Sunday, May 20, 2007







John Wayne Profile
* Films in Bold Type Are Featured in TCM's Tribute
If you look at the very early John Wayne films you'll discover a very different person. First there was the name: it was originally Marion Michael Morrison. Morrison went to USC and played football. He might have gotten his first taste of stardom from silent star and "It girl" Clara Bow. There were rumors that party-girl Bow was "friendly" with the entire USC football team and afterwards showered them with gold cufflinks and bootleg booze.

At over 6 feet tall, the strapping "Duke" Morrison picked up occasional work in the studios hauling sets and scenery during summer breaks from school.
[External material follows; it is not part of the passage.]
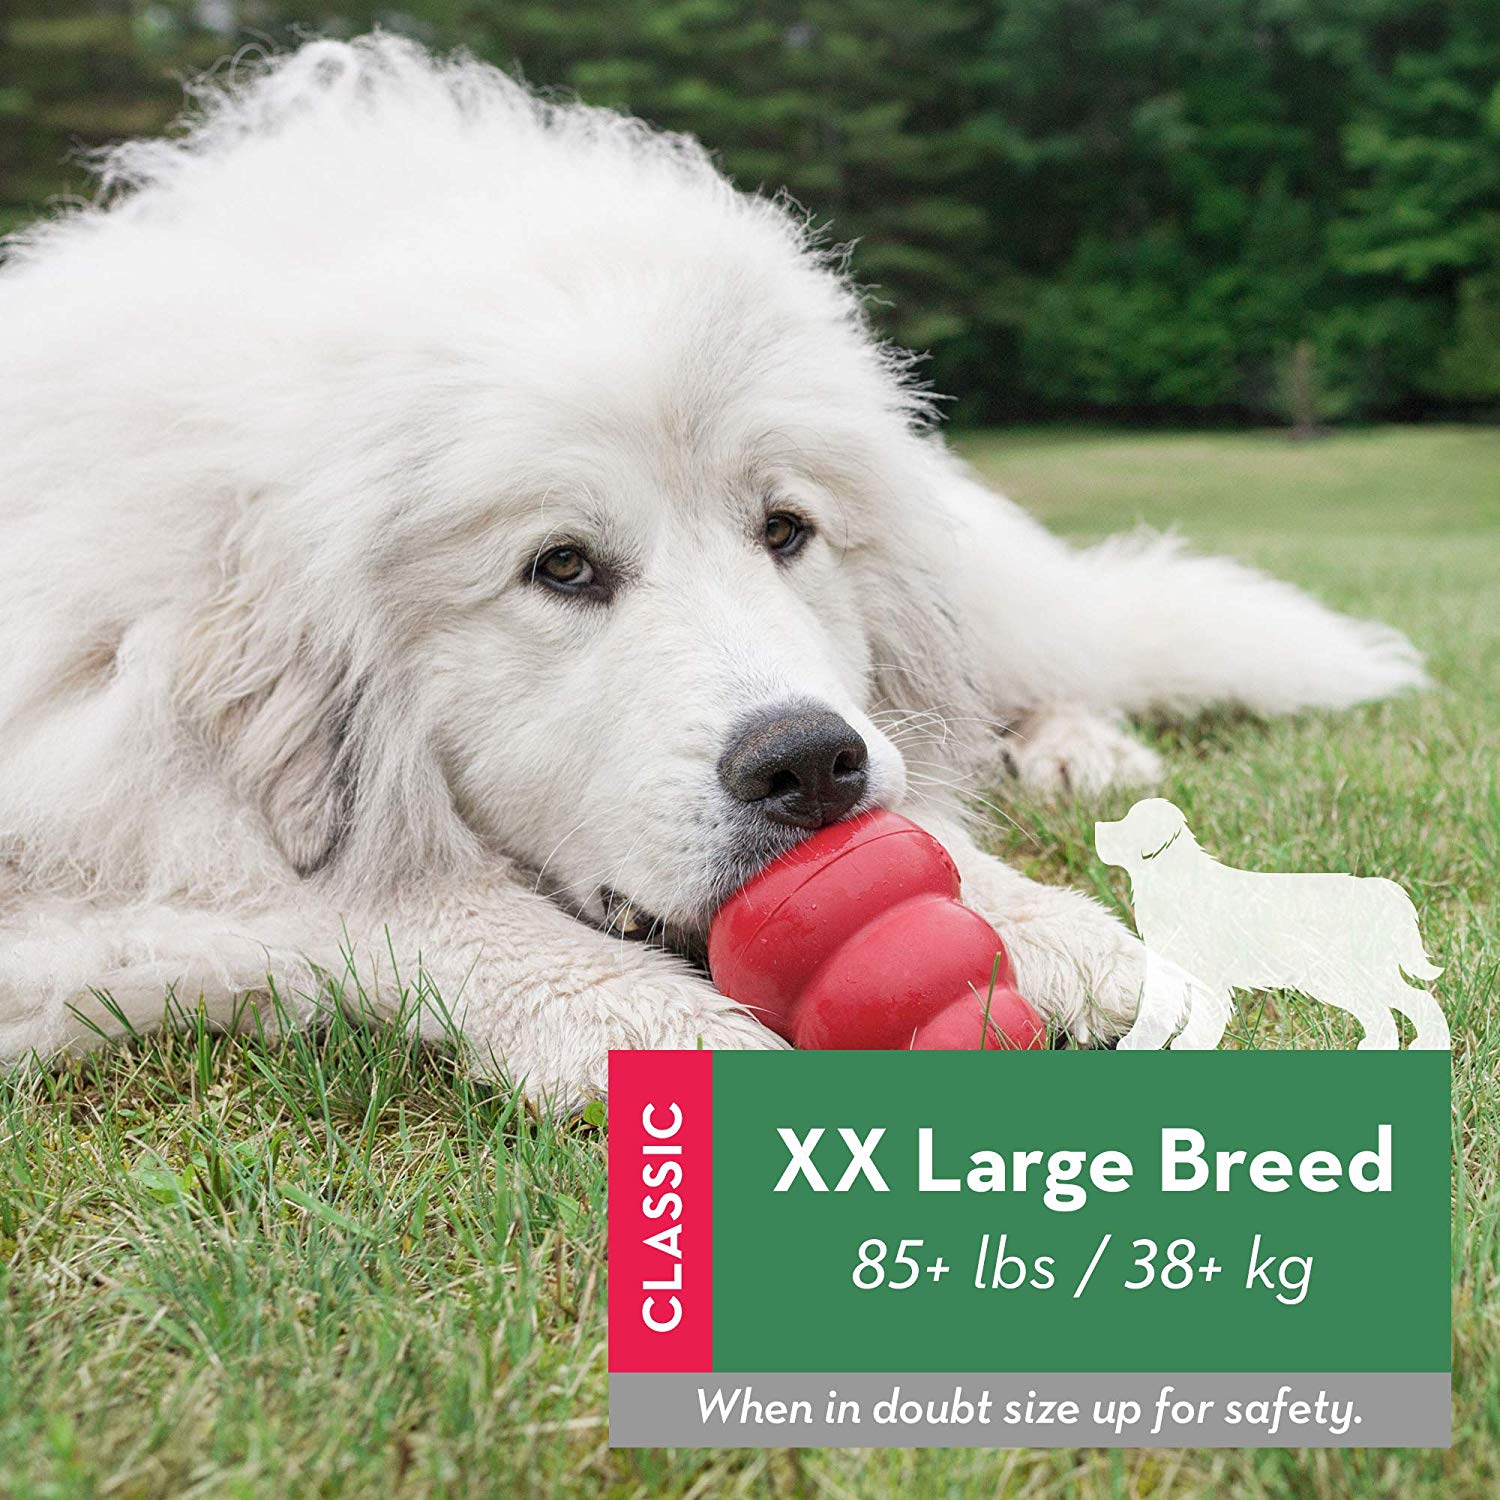 How To Get Your Xiasi Dog To Stop Digging

In 1926 he landed a better job as personal trainer for Tom Mix, the cowboy matinee idol. As a trainer, Morrison got to go on location and observe how films were made. He even made his screen debut as an extra in a Tom Mix episode called The Great K & A Train Robbery (1926). He's just a face in the crowd, helplessly looking on in a scene as the lock box is broken and the bad guys ride off, but Morrison decided he liked the life of an actor better than hauling props.

His early roles weren't featured parts. In fact, Morrison barely got his face on screen playing extras. He played football players in silent films like The Drop Kick (1927) and That Forward Pass (1929). By 1930 he had a new name and was a regular in B-westerns, which he churned out for poverty row studios. Between 1930 and 1933 he made 36 films including: Ride Him, Cowboy (1932), Two Fisted Law (1932), Haunted Gold (1932).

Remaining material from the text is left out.